Para o imaginário social, envelhecer é um processo marcado pelo efeito corrosivo do tempo, que aprisiona o sujeito numa trajetória de perdas e limitações, que finda somente com a morte. Sendo assim, uma das tarefas centrais da velhice é elaborar uma redefinição e uma avaliação face às perdas que ocorrem em todos os domínios da vida, e engajar-se em novos papéis sociais e familiares. A edificação desse novo projeto, temporalmente tardio, mas psíquica, física e socialmente atual, não é uma tarefa valorizada, uma vez que a sociedade de consumo está voltada ao desempenho performático, padrão insustentável para um idoso. Inatividade, doença, lentidão, avaliação existencial soam como algo a ser banido, e a cultura cria a ilusão da possibilidade dessa exclusão. Condensar essa temática requer uma sobreposição teórica, ou seja, através dos usos lingüísticos e dos personagens literários, da teoria social de estigma e da teoria psicanalítica sobre estranhamento –unheimlich – viabiliza-se, em certo grau, a articulação e ampliação do entendimento sobre o envelhecer.
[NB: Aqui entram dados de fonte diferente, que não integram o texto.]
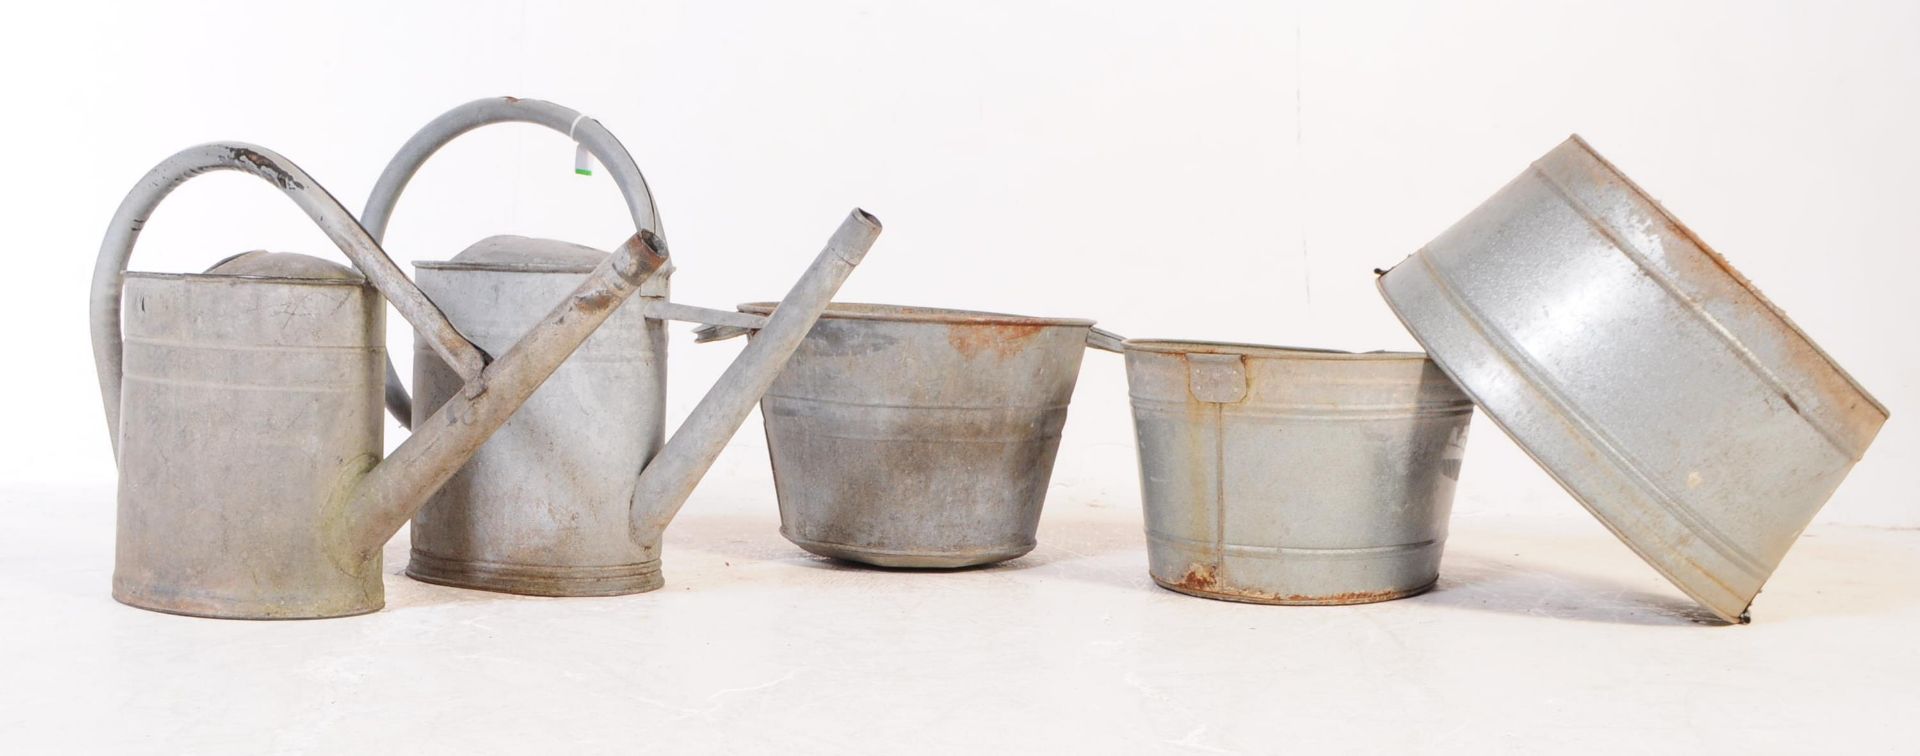 FIVE MID CENTURY GALVANISED BATH PLANTER & WATERING CANS - Image 2 of 22

O envelhecimento não é um processo homogêneo, é preciso saber de que velho se está falando, qual a posição social que ocupa, qual é o seu papel dentro da estrutura familiar. Em âmbito nacional e mundial, o crescente aumento da população idosa é um fenômeno que vem despertando atenção, seja pelos problemas sociais que acarreta, seja pela premência da necessidade de reavaliação das relações familiares e trabalhistas, seja pelo avanço da medicina que possibilita o prolongamento temporal da vida. No entanto, pesquisas qualitativas e/ou quantitativas são escassas sobre esse tema, razão pela qual origina-se esta pesquisa, que tem como objetivo geral analisar a velhice vinculada ao conceito de estigma nas suas manifestações culturais e nos usos lingüísticos.

Enquanto objetivo específico, procura-se investigar de que forma a cultura influencia o modo de agir do idoso e com o idoso. Busca-se ainda examinar as contradições que tanto a sociedade tem em relação ao velho, quanto a ambigüidade que o próprio idoso vivencia a partir do seu envelhecimento. Objetiva-se, igualmente, analisar se o idoso aceita seu próprio envelhecimento e as formas que encontra para lidar com essa questão. Outro objetivo deste estudo é identificar como o idoso reage ao afastamento do mundo do trabalho, e quais são os recursos que utiliza para substituir a atividade laborativa. Finalmente, pretende-se investigar qual é a posição que o sujeito ocupa diante da possibilidade da morte e como lida com a questão do limite temporal que a vida aponta, nas suas formas brandas e nas formas mais radicais de comparecimento, seja do reconhecimento, seja da negação ou da transcendência.